COLLECTED MATERIAL:
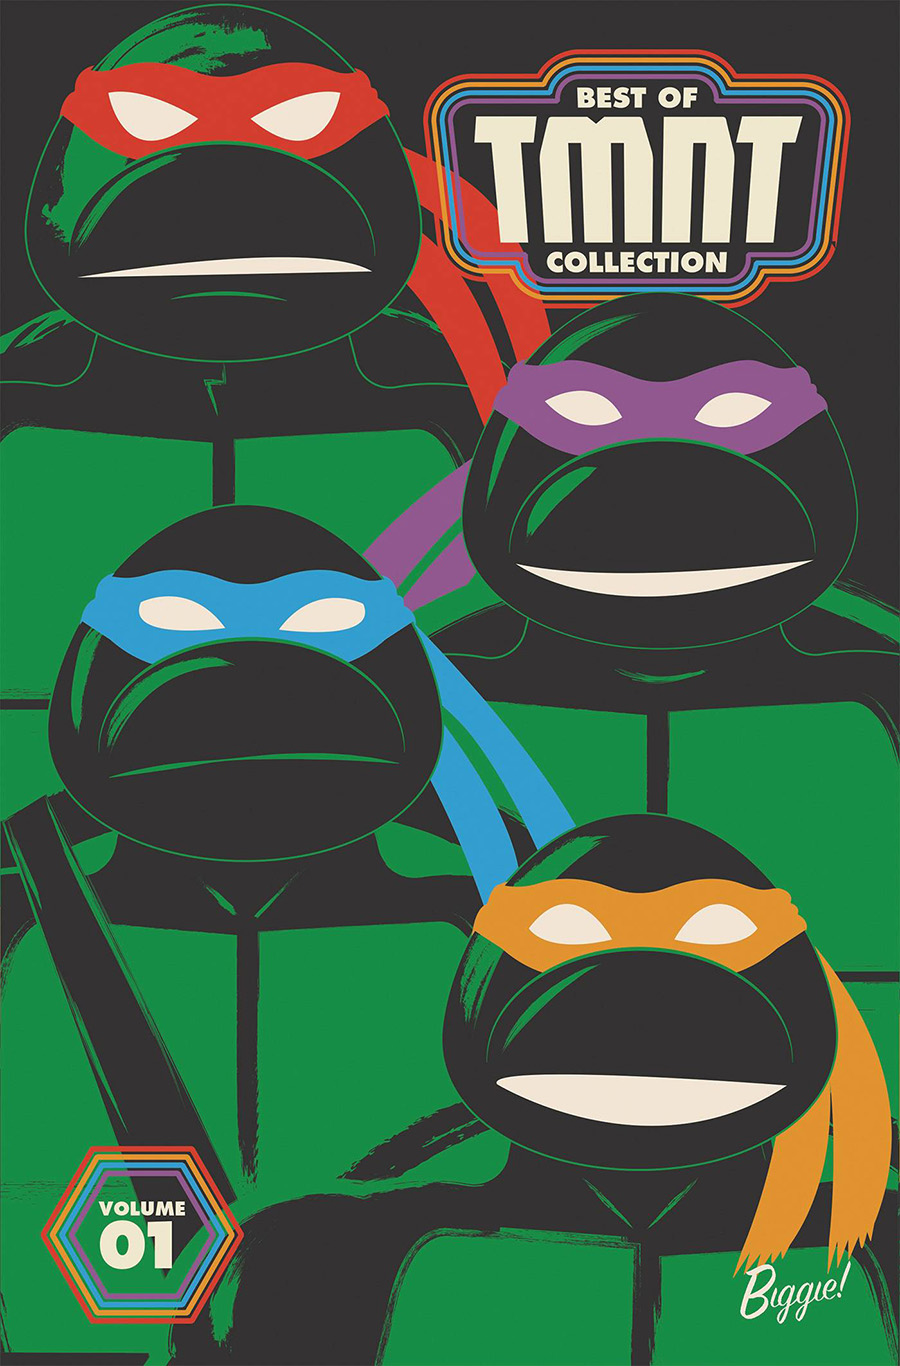 Teenage Mutant Ninja Turtles Best Of Teenage Mutant Ninja Turtles Collection Vol 1 TP
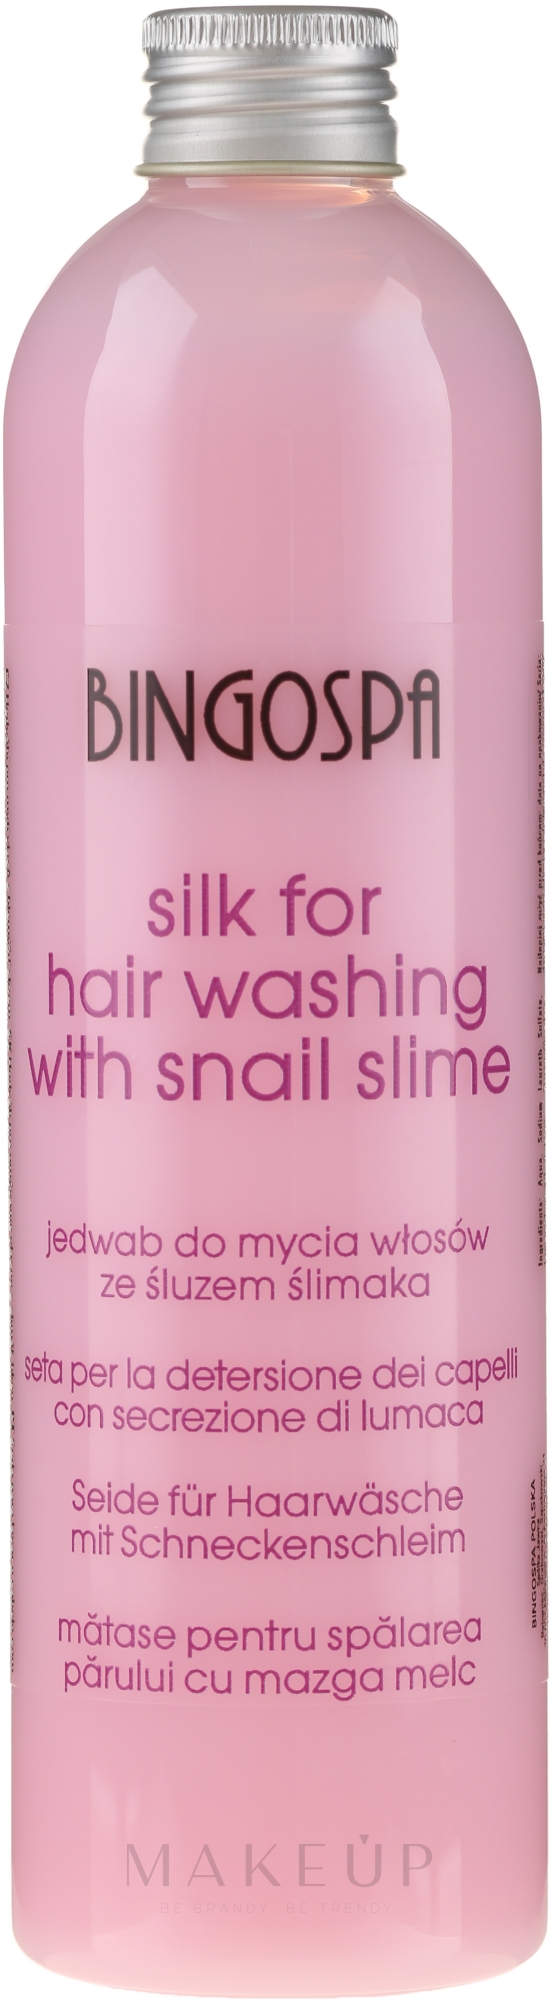 Seide zum Haarwaschen mit Schneckenschleim - BingoSpa Silk For Hair Washing With Snail Slime — Foto 300 ml
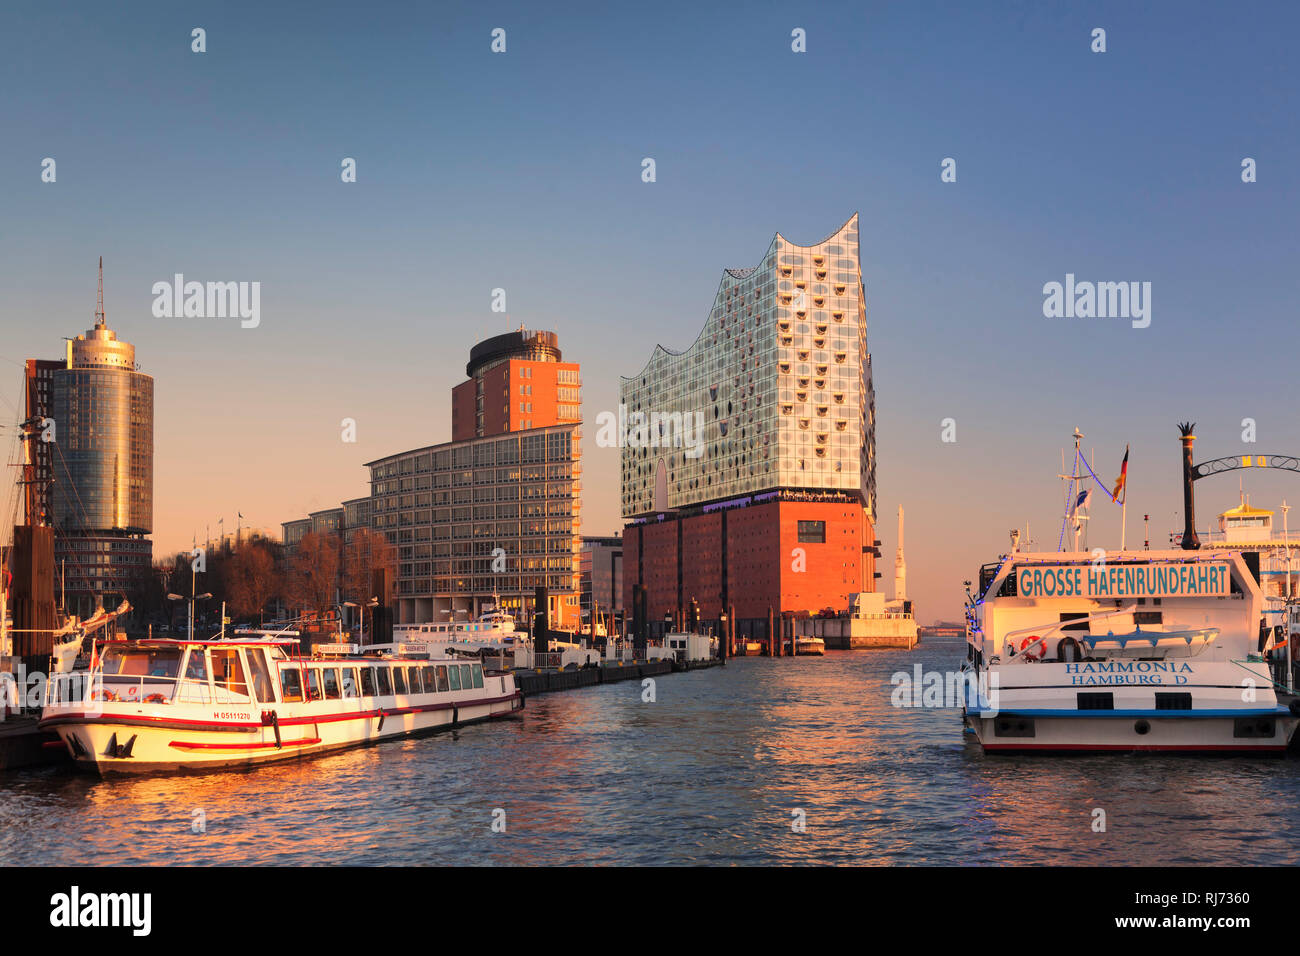 Elbphilharmonie bei Sonnenuntergang, HafenCity, Hamburg, Deutschland Stock Photo
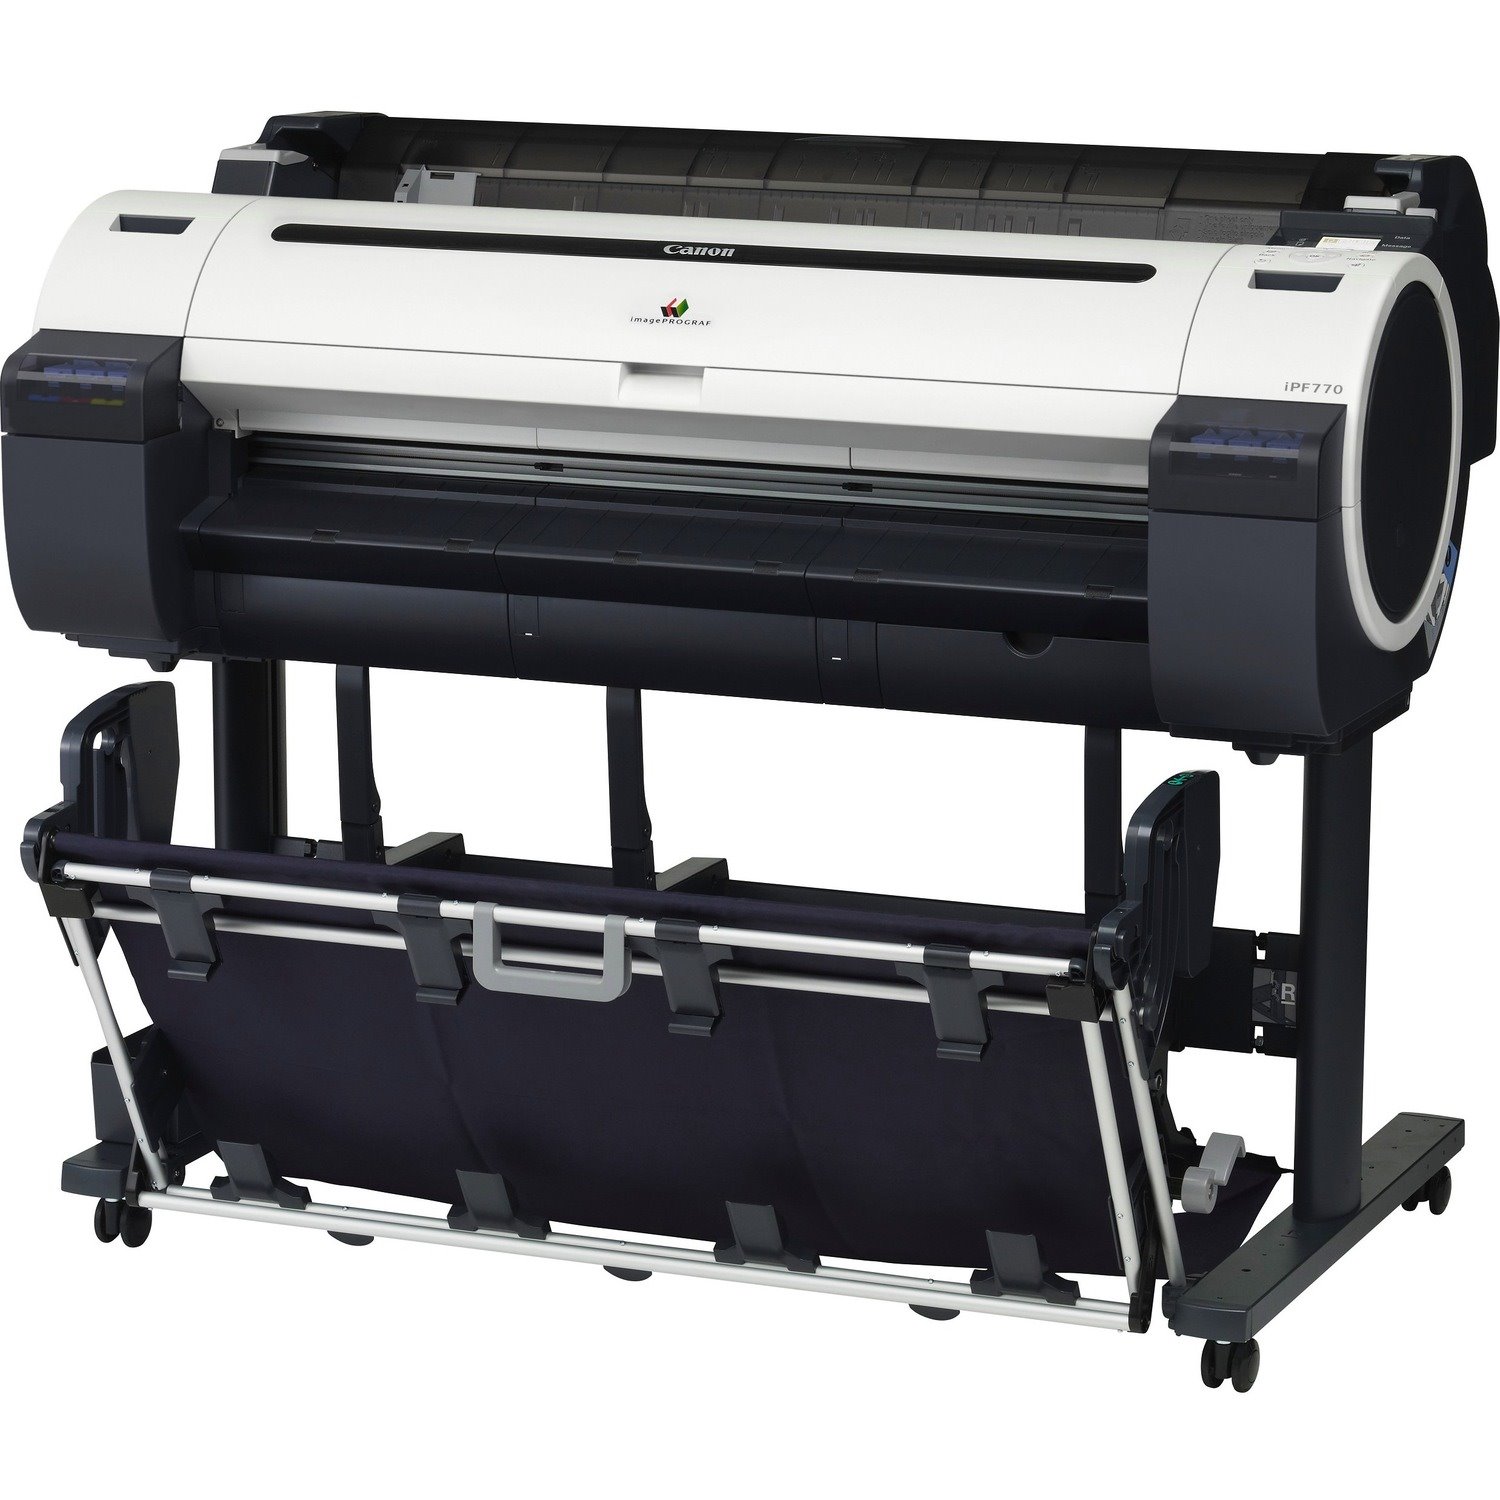 Canon imagePROGRAF iPF770 Inkjet Large Format Printer - 36" Print Width - Color

TASK DIRECTIONS: Without the pictures, copy the material exactly as given.

COMPLETED TASK:
 Teenage Mutant Ninja Turtles Best Of Teenage Mutant Ninja Turtles Collection Vol 1 TP
 Seide zum Haarwaschen mit Schneckenschleim - BingoSpa Silk For Hair Washing With Snail Slime — Foto 300 ml
 Elbphilharmonie bei Sonnenuntergang, HafenCity, Hamburg, Deutschland Stock Photo
 Canon imagePROGRAF iPF770 Inkjet Large Format Printer - 36" Print Width - Color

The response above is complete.